Un sistema di trasporti moderno e integrato, una sfida non semplice per la Calabria, caratterizzata da un’orografia che rende difficoltosi i collegamenti a causa di «oltre l’80% di territorio collinare o montuoso». L’assessore regionale Gianluca Gallo non nasconde le criticità: «Questo è un problema che noi scontiamo pesantemente, oltre alla disorganizzazione del passato», spiega, indicando però una netta inversione di rotta grazie a una programmazione che vede oggi «ingenti investimenti nel settore del trasporto su rotaie».
La strategia regionale si poggia sui numeri: «Abbiamo acquistato 37 treni e qualche altro ne acquisteremo con investimenti di centinaia di milioni di euro», dichiara l’assessore, sottolineando come l’operazione riguardi anche il trasporto su gomma con l’acquisto di «circa 600 autobus sui 1.600 circolanti». Questa modernizzazione della flotta è il prerequisito per una riorganizzazione dei servizi che passerà attraverso nuovi affidamenti e gare, mirate a «rivedere servizi vetusti e collegamenti che magari un tempo avevano un significato e oggi non l’hanno più».
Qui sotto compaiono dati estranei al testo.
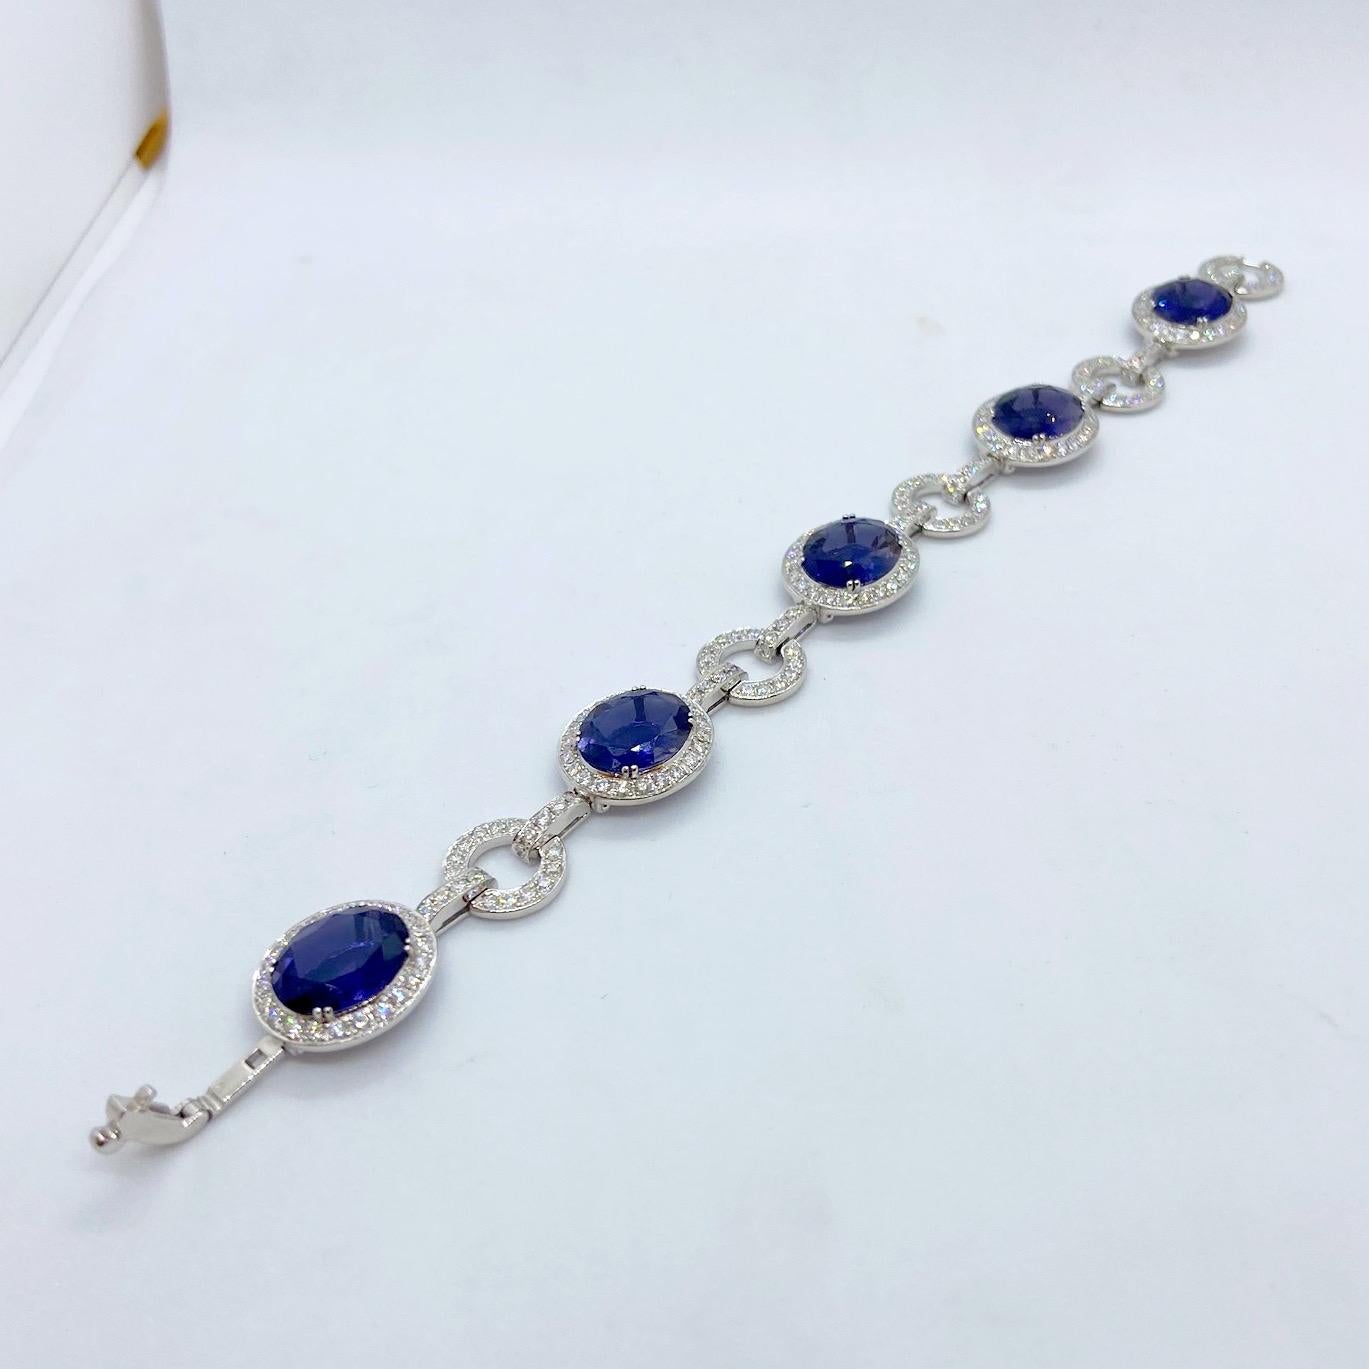 Oval Cut 18 Karat White Gold and Diamond Bracelet with 15.18 Carat Oval Iolite For Sale

Un piano massiccio per mezzi e infrastrutture

Questo rinnovo si inserisce nel quadro del Piano Regionale dei Trasporti, che punta tutto sulla multimodalità. L’integrazione tra treno, autobus, aereo è considerata la soluzione chiave per ottimizzare l’efficienza. «Gli investimenti – spiega Gallo ai nostri microfoni – sono sui nodi intermodali, vale a dire nodi che possano creare quella intermodalità, ad esempio ferro-rotaia o gomma-gomma, che è mancata e che invece oggi appare necessaria per una regione che sta cambiando pelle».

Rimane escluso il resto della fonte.